- [PROVIDED MATERIAL]

■ ■ ■

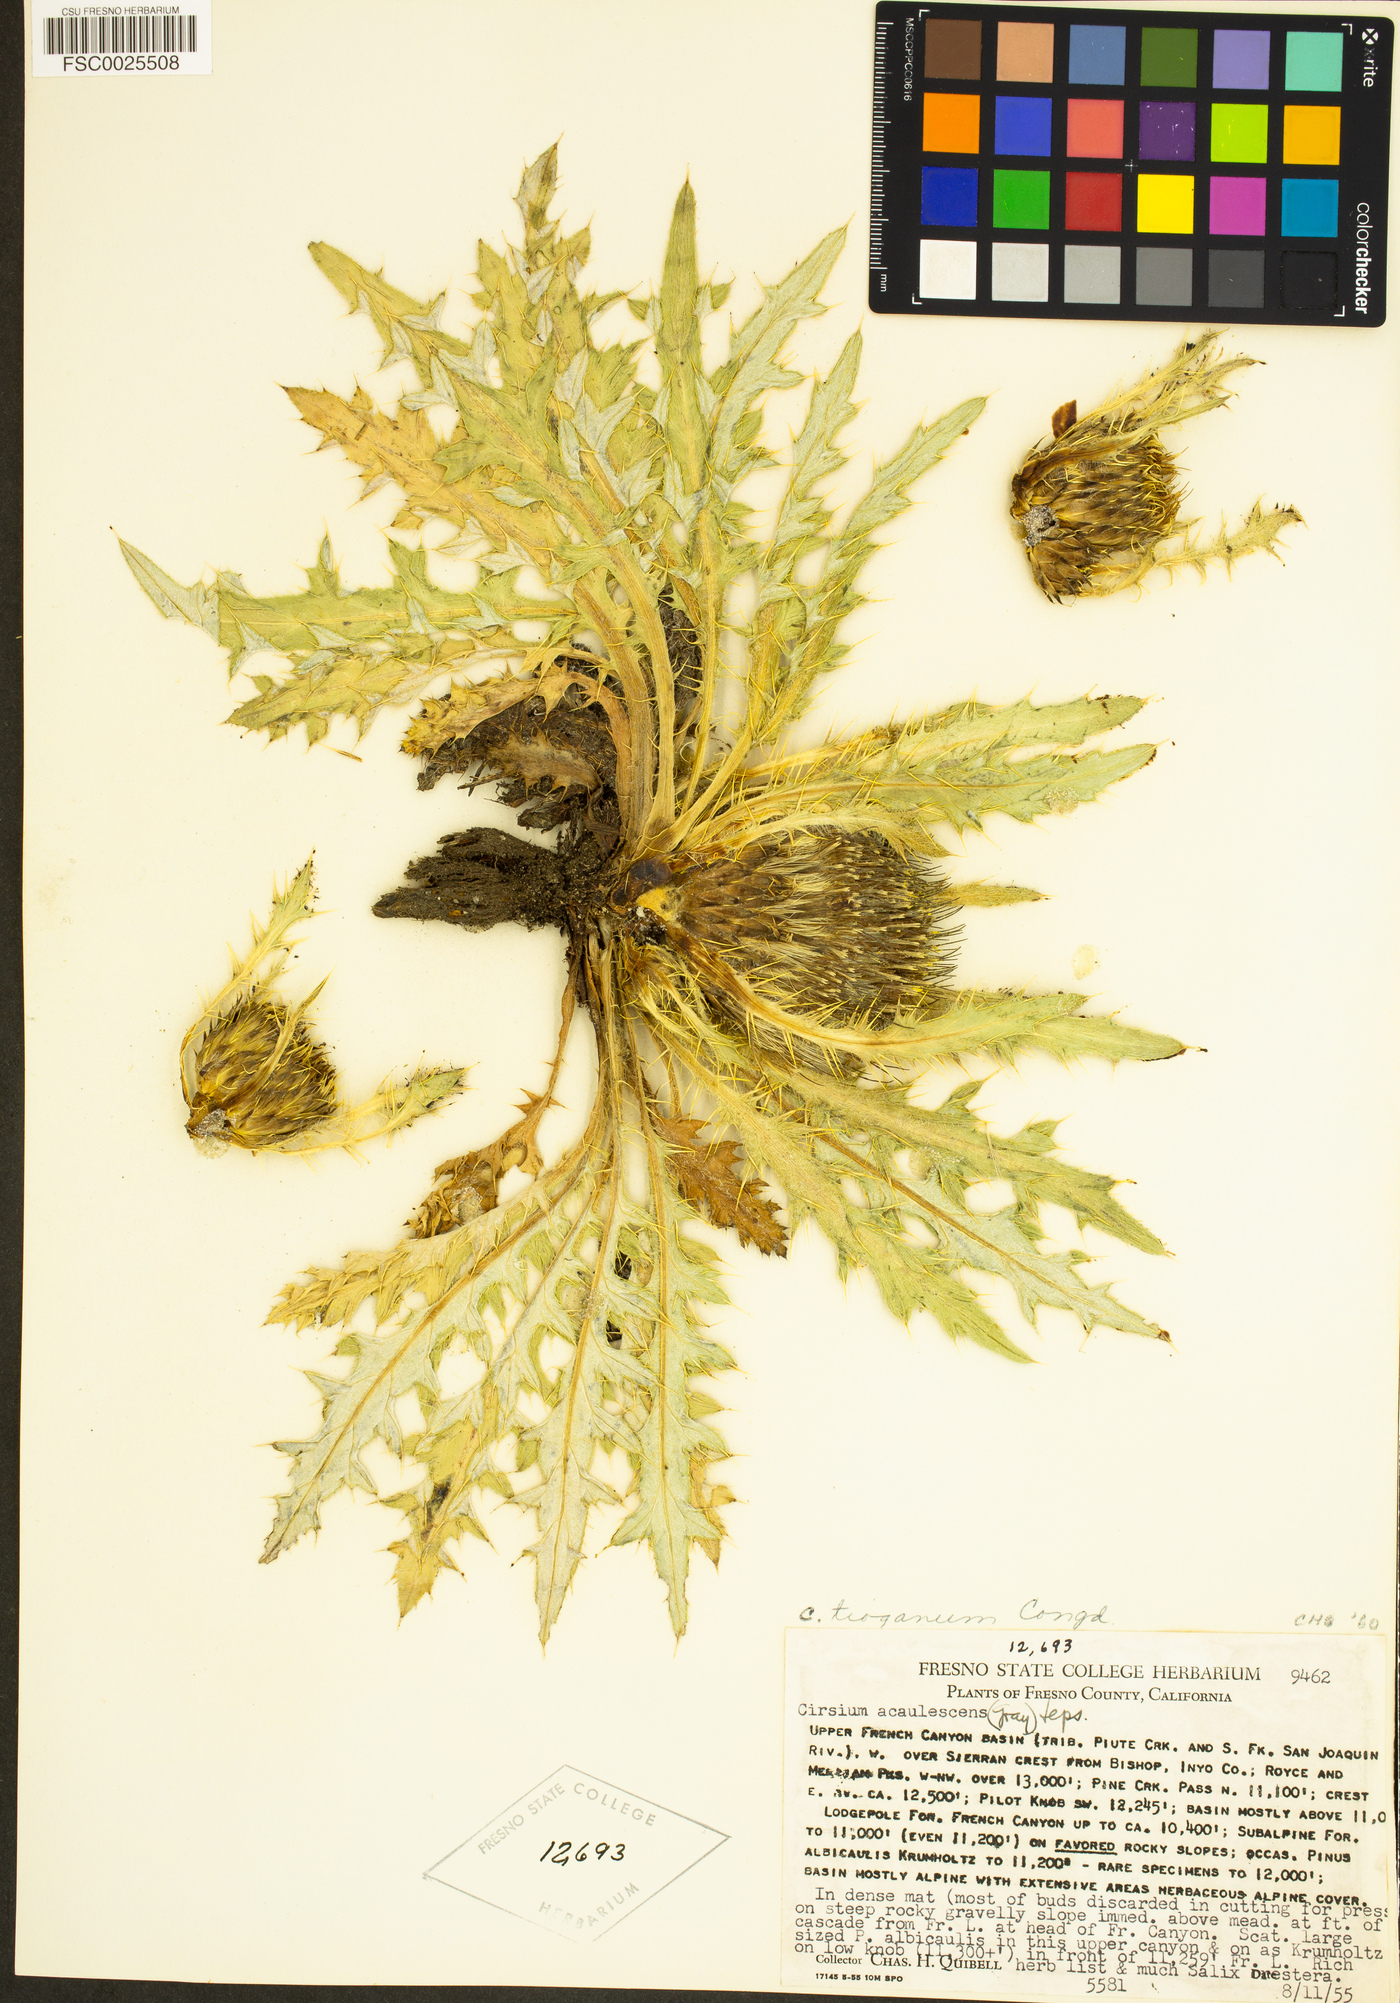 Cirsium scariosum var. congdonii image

■ ■ ■

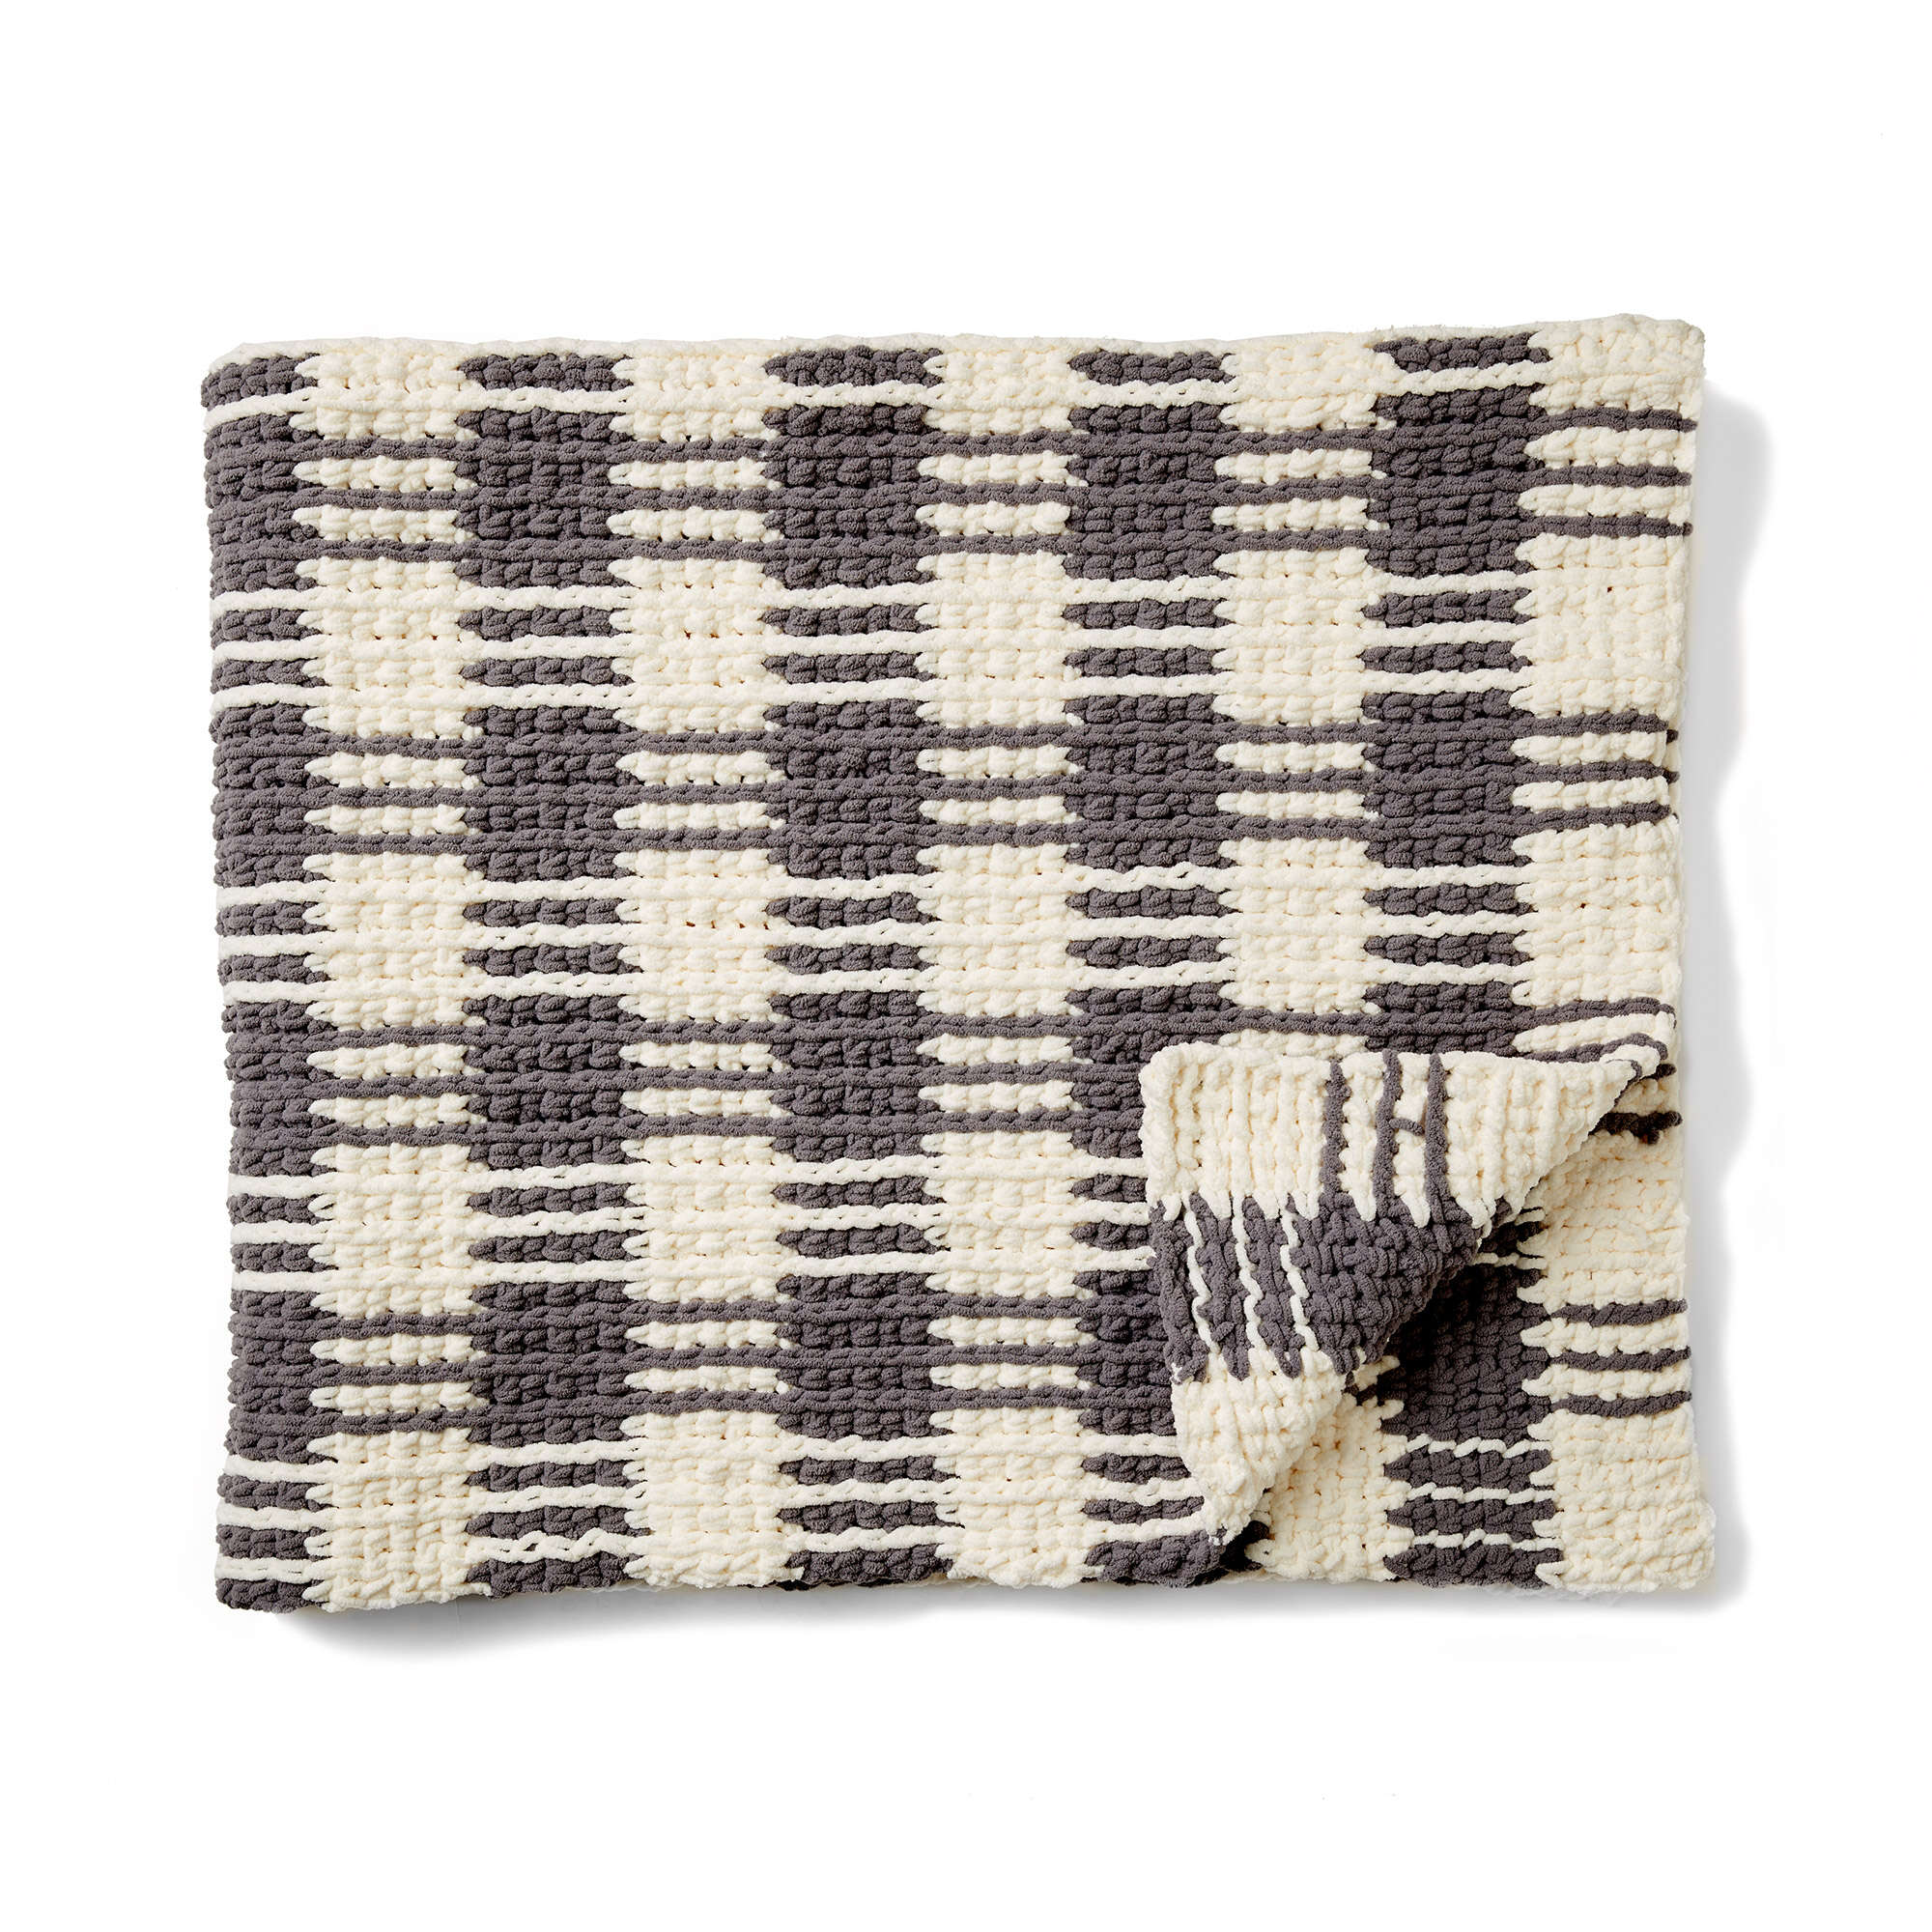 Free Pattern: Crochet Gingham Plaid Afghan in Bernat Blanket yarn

■ ■ ■

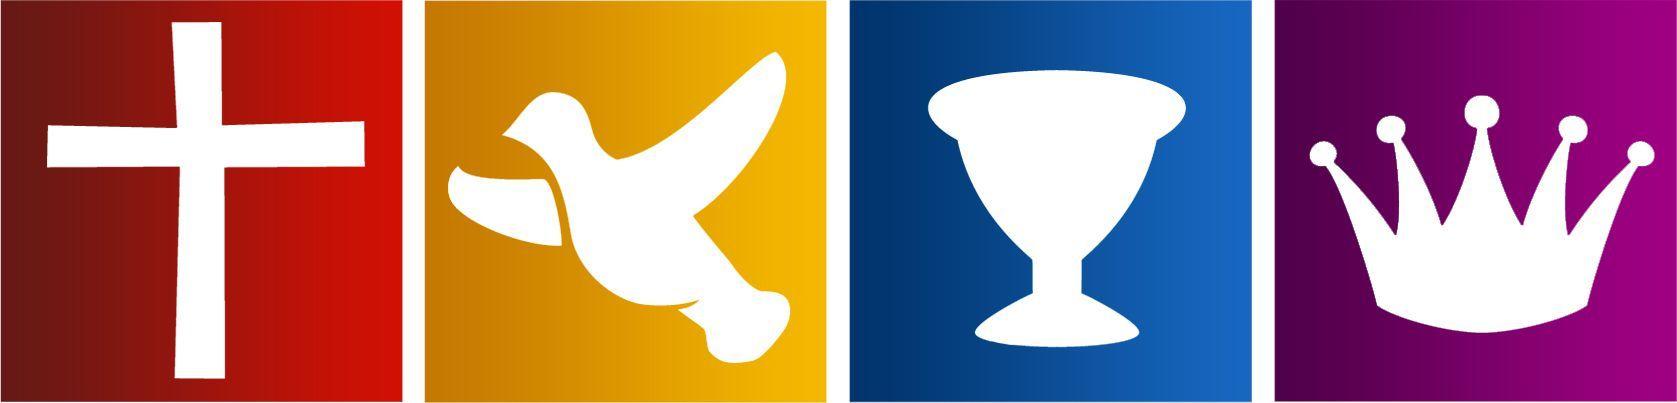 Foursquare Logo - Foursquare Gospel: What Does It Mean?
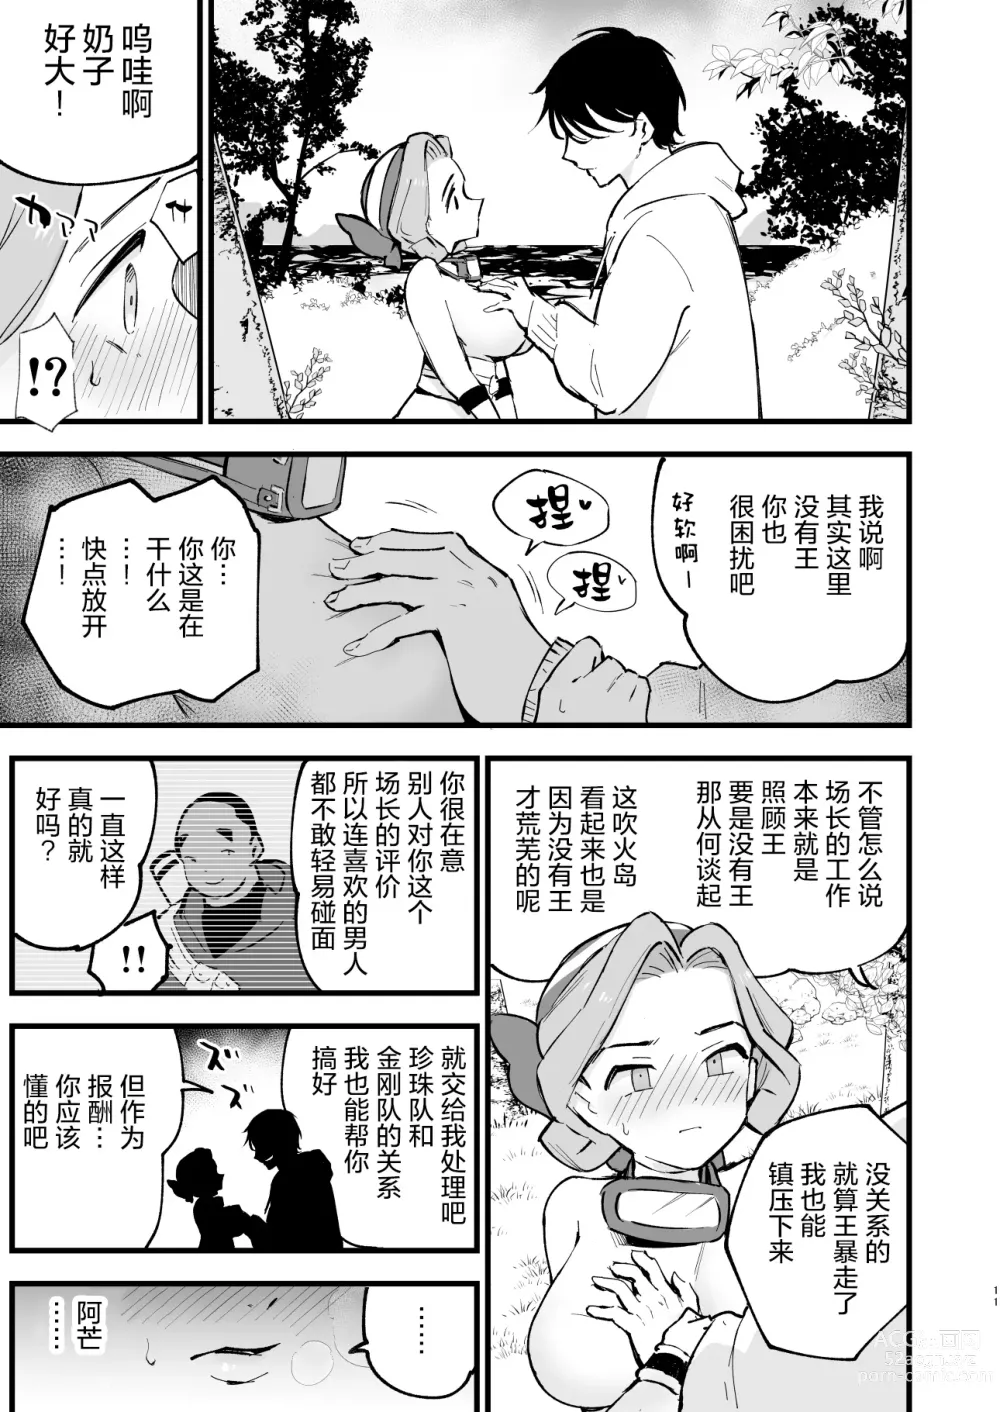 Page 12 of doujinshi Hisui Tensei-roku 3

■ ■ ■

- [EXERCISE]
The stretch above running from the line with "Foursquare Logo - Foursquare" through the line with "Page 12 of doujinshi Hisui Tensei-roku 3" is all you should copy, exactly, leaving out the pictures.

- [ANSWER TO THIS TASK]
 Foursquare Logo - Foursquare Gospel: What Does It Mean?
 Page 12 of doujinshi Hisui Tensei-roku 3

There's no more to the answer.